### WORK TO COMPLETE
An exact repetition of the data below, without images, is the expected answer.

### GIVEN DATA
____

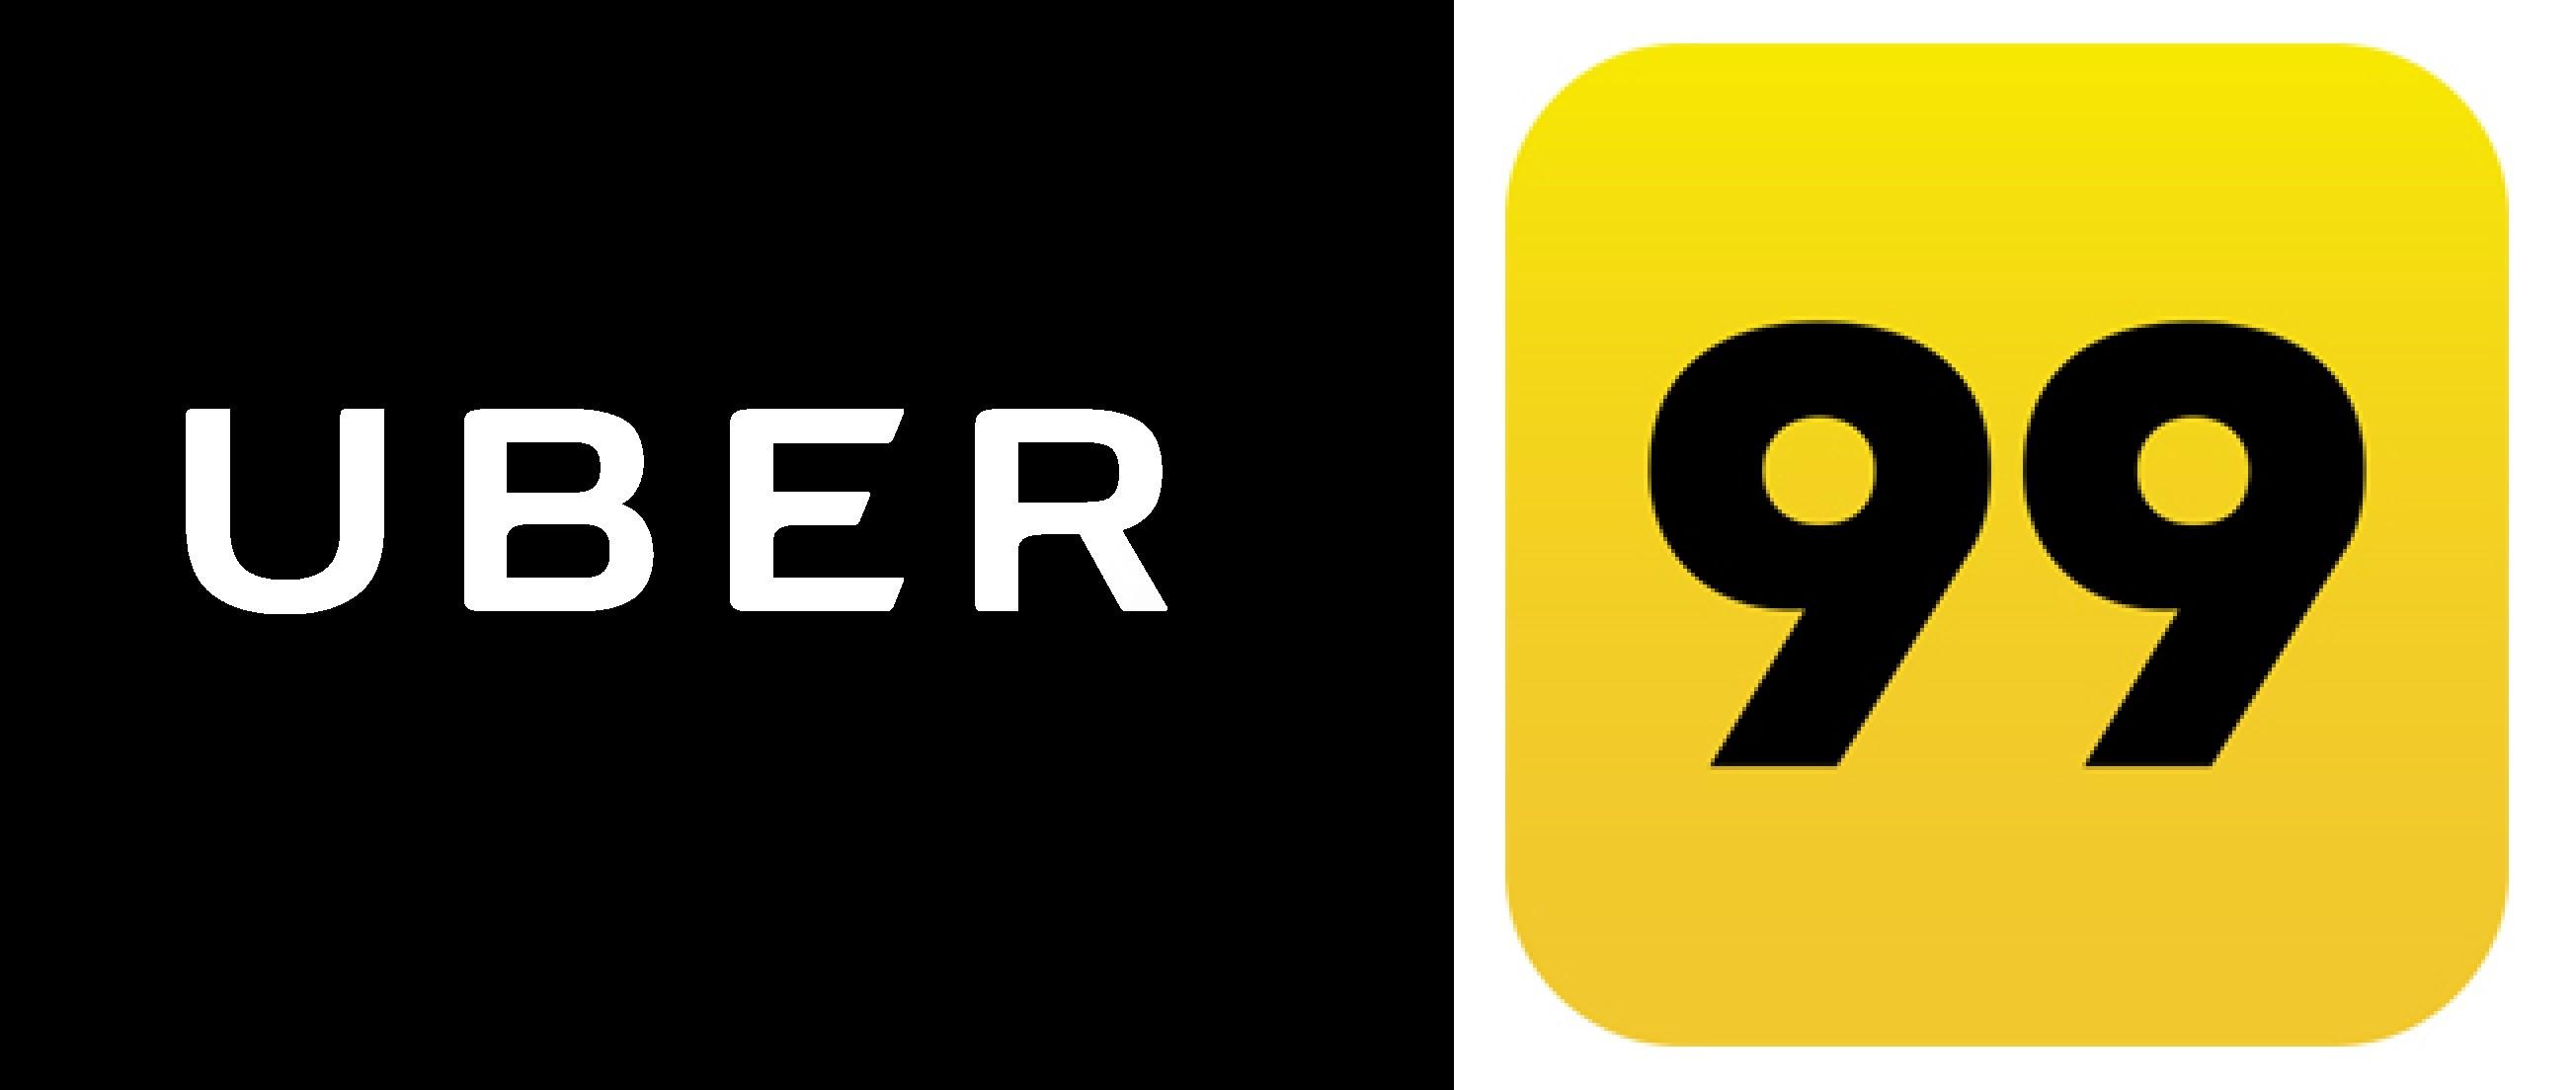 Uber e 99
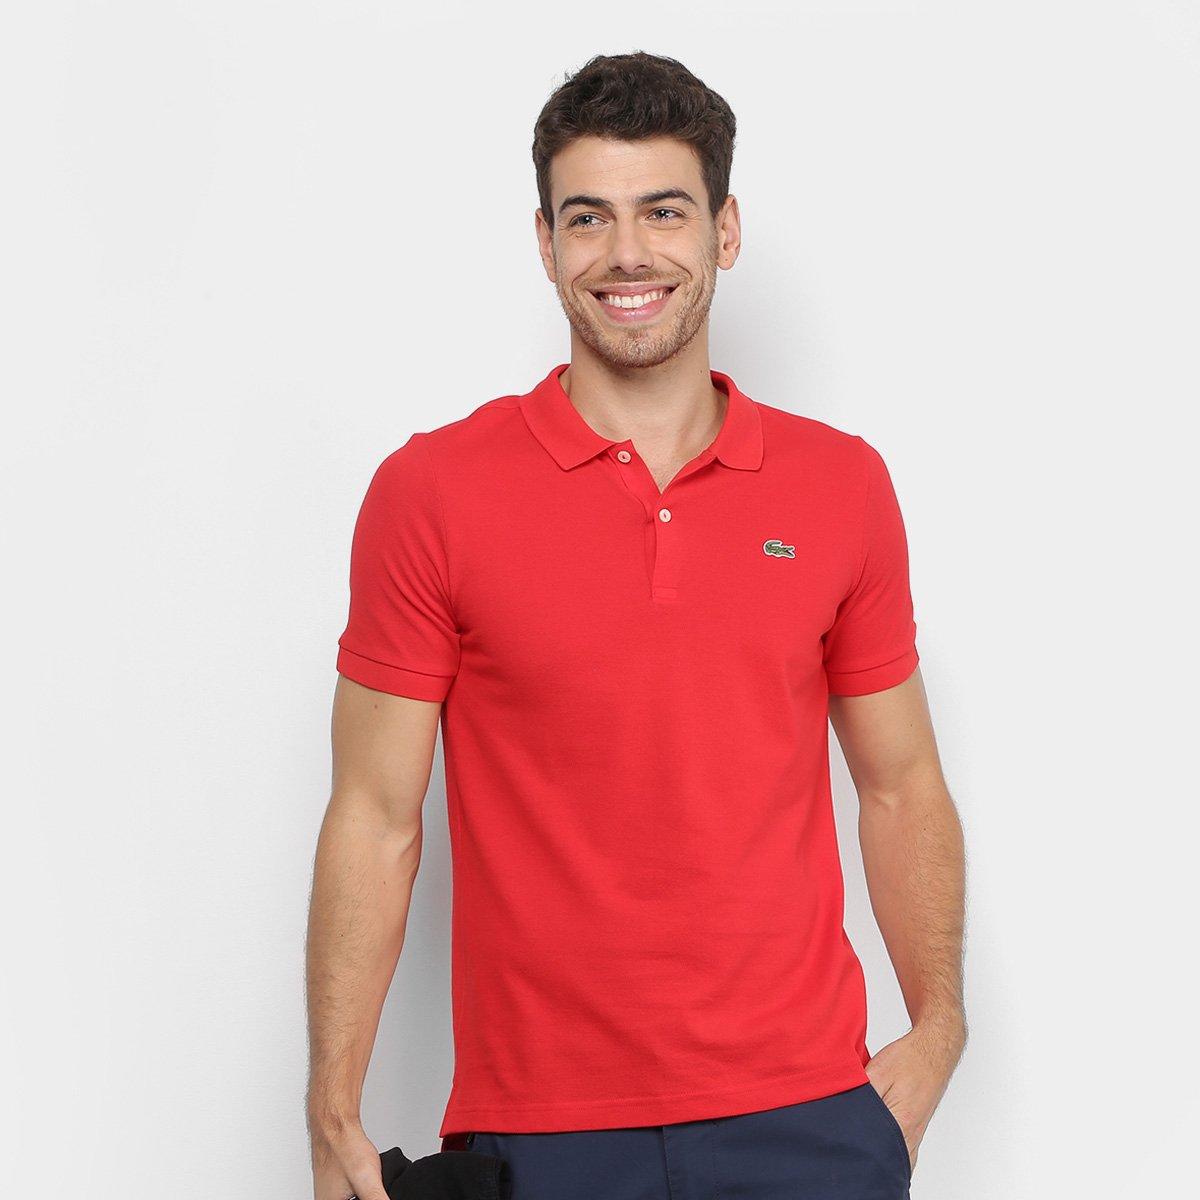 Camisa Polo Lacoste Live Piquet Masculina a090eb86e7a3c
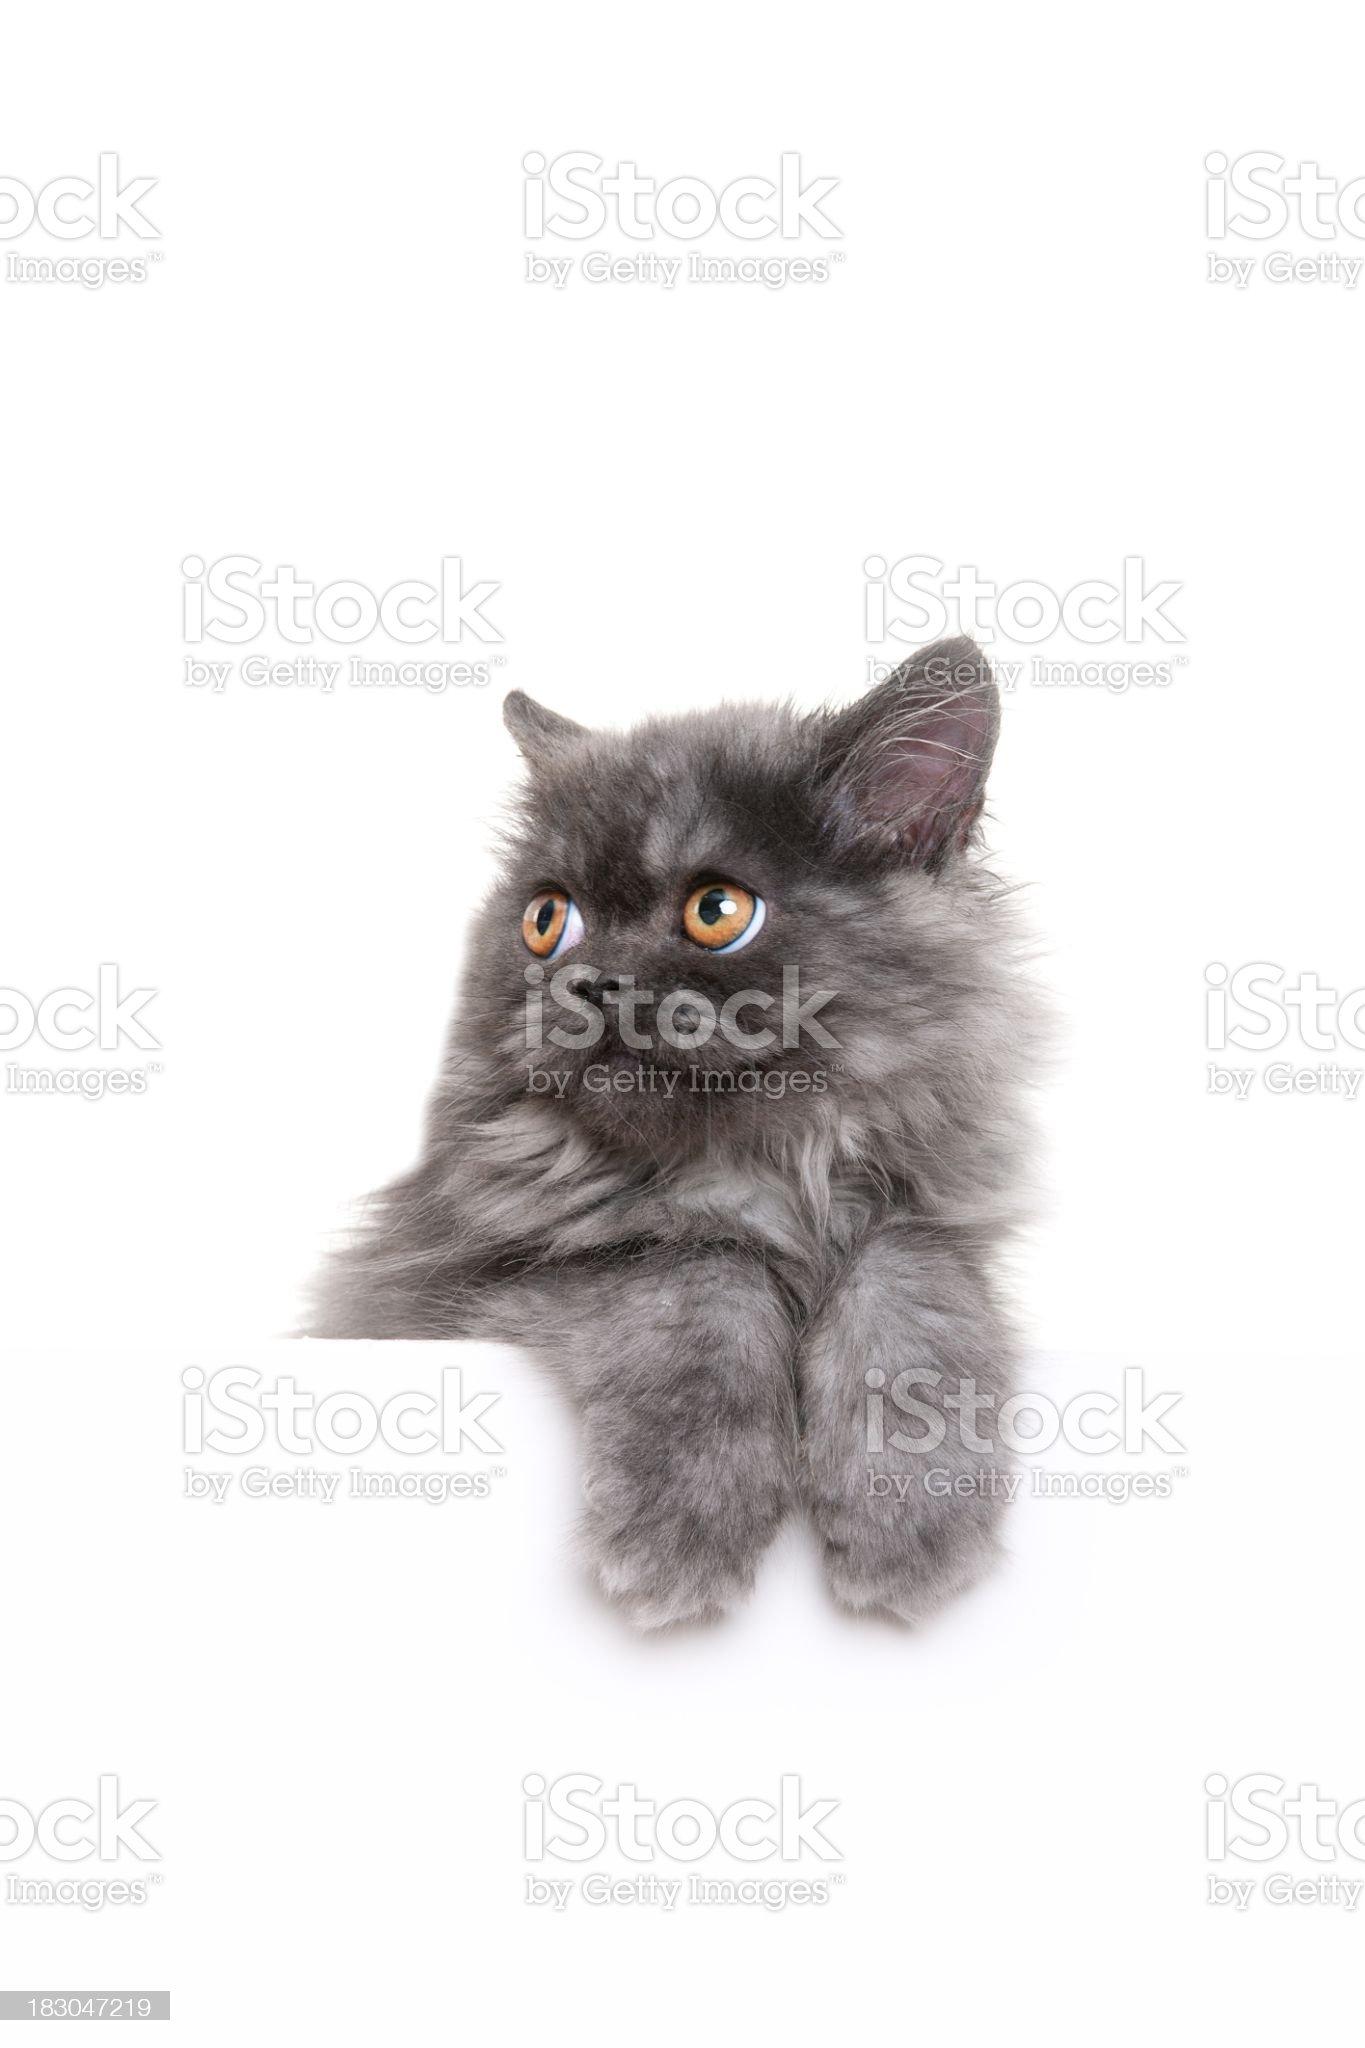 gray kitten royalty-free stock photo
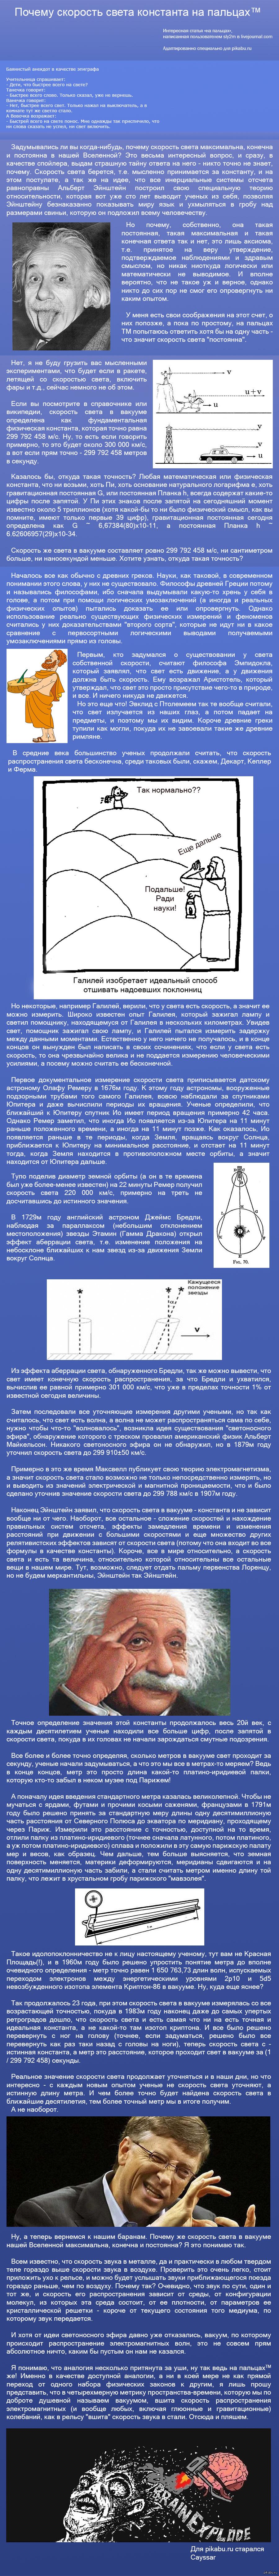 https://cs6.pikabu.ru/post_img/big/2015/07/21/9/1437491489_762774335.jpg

____

### ANSWER TO THE EXERCISE
 Uber e 99
 Camisa Polo Lacoste Live Piquet Masculina a090eb86e7a3c
 gray kitten royalty-free stock photo
 https://cs6.pikabu.ru/post_img/big/2015/07/21/9/1437491489_762774335.jpg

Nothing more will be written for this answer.